Since the last time we updated you on the developments surrounding the United Kingdom’s exit from the European Union, there have only been a few changes, but they are important. Most notably, there is more internal clarity about what the UK aims to achieve in the talks. Theresa May was initially reluctant to rule out a no-deal Brexit, most likely in an attempt to force MPs to support her deal: she hoped that no matter how much they hate the deal her government negotiated, it would still look better to some than the unknown risk of a hard Brexit. However, since the European Union did not budge on the Irish backstop issue and May saw her deal is not likely to gather enough support, she made a couple of public commitments. First of all, there will be another vote on her proposed deal (as it is right now) on Tuesday, March 12. If the vote fails, on March 13 Parliament could vote on whether to leave the EU with no deal at all. If no-deal Brexit also fails to gather enough votes, then on March 14 MPs will vote once more, this time on whether to postpone Brexit. In other words, if MPs say they prefer neither May’s deal, nor a hard Brexit, on March 14 they will almost certainly vote to postpone Brexit and take more time to discuss their options.
Meanwhile, the opposition party in the UK Parliament, Labour, have also consolidated their ideas. Under Jeremy Corbyn’s leadership Labour MPs initially stated they want a customs union with the EU. Their proposed plan was essentially leaving things as they are, as if the United Kingdom remains an EU member, but without the voting rights in the European Parliament that a full membership grants. After much criticism from voters and a lack of support for this plan, now the Labour party has officially stated that they will campaign for a second Brexit referendum if the UK postpones Brexit.
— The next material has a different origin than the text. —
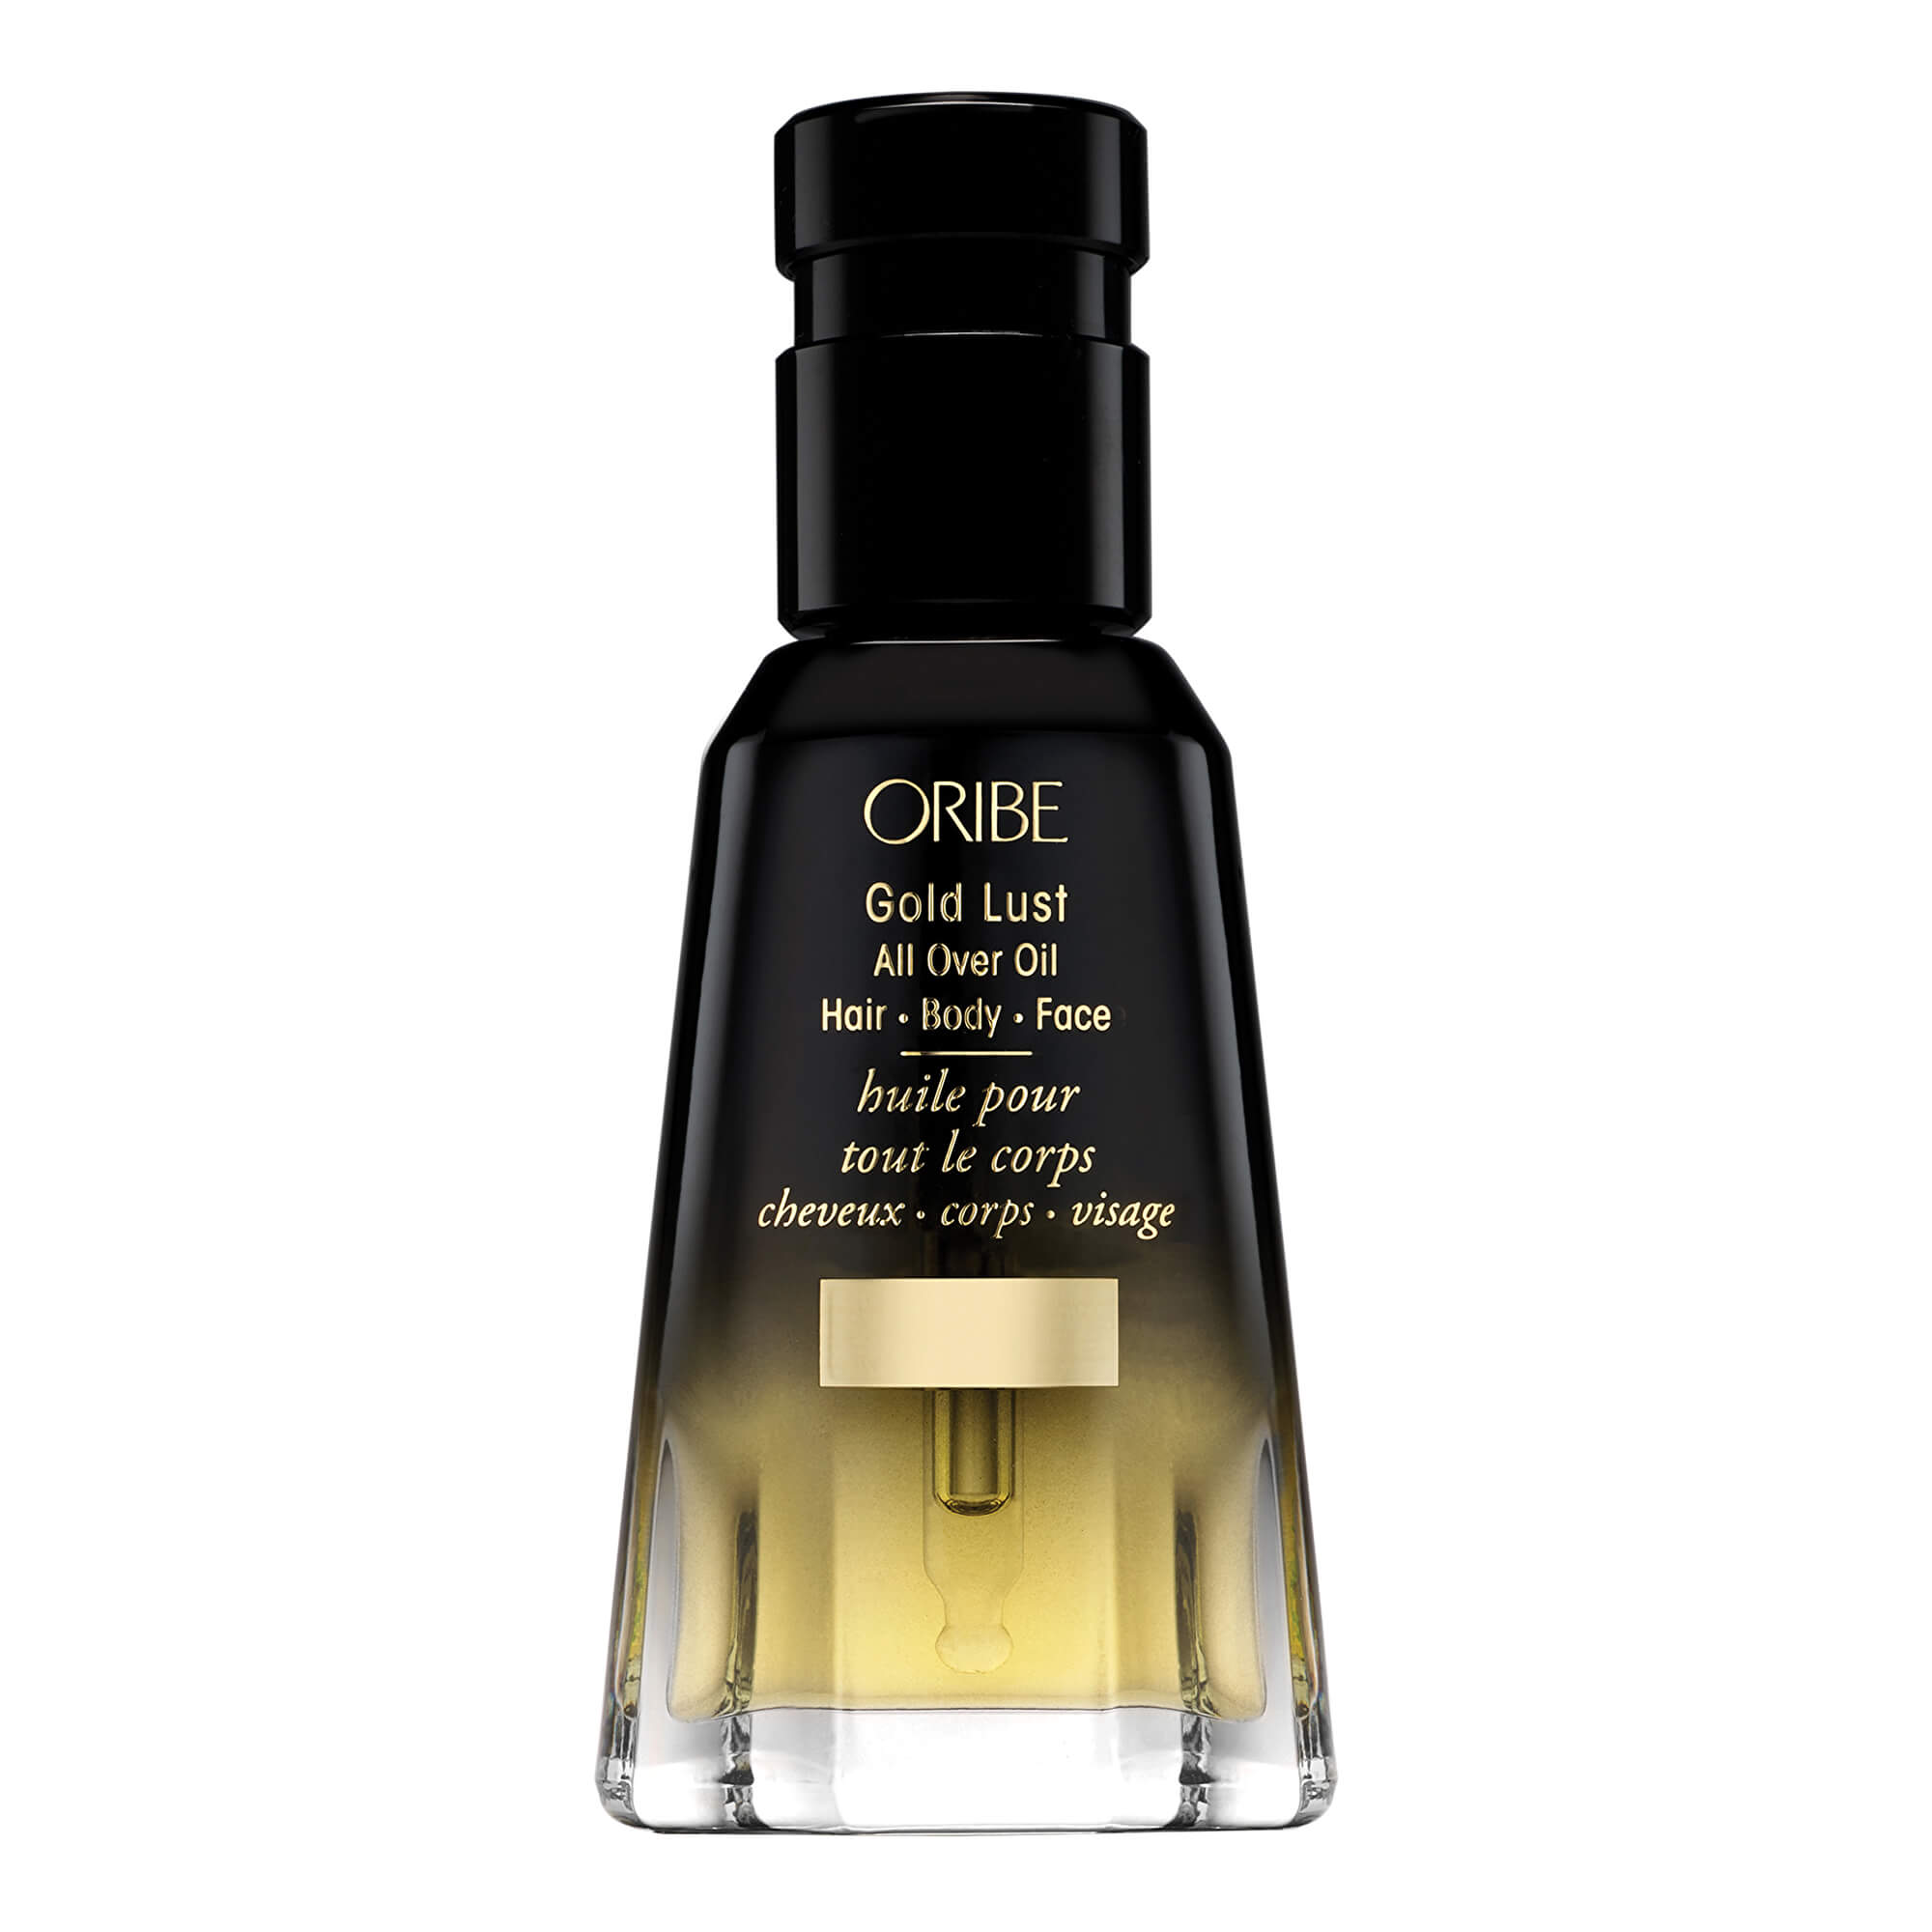 Oribe Hydratační olej na vlasy, pleť a tělo (Gold Lust All Over Oil) 50 ml

As of now, May has done all she could have for her proposal. Members of Parliament have a few days of consideration leading up to the possibly triple votes next week, but there are no new statements and opinions on the table. Nevertheless, one last element that investors following the United Kingdom should keep an eye on is that if May’s deal and the no-deal Brexit vote both fail, Theresa May will most likely resign her position as Prime Minister and more chaos will ensue as the UK searches for new leadership to take them the rest of the way to their goals.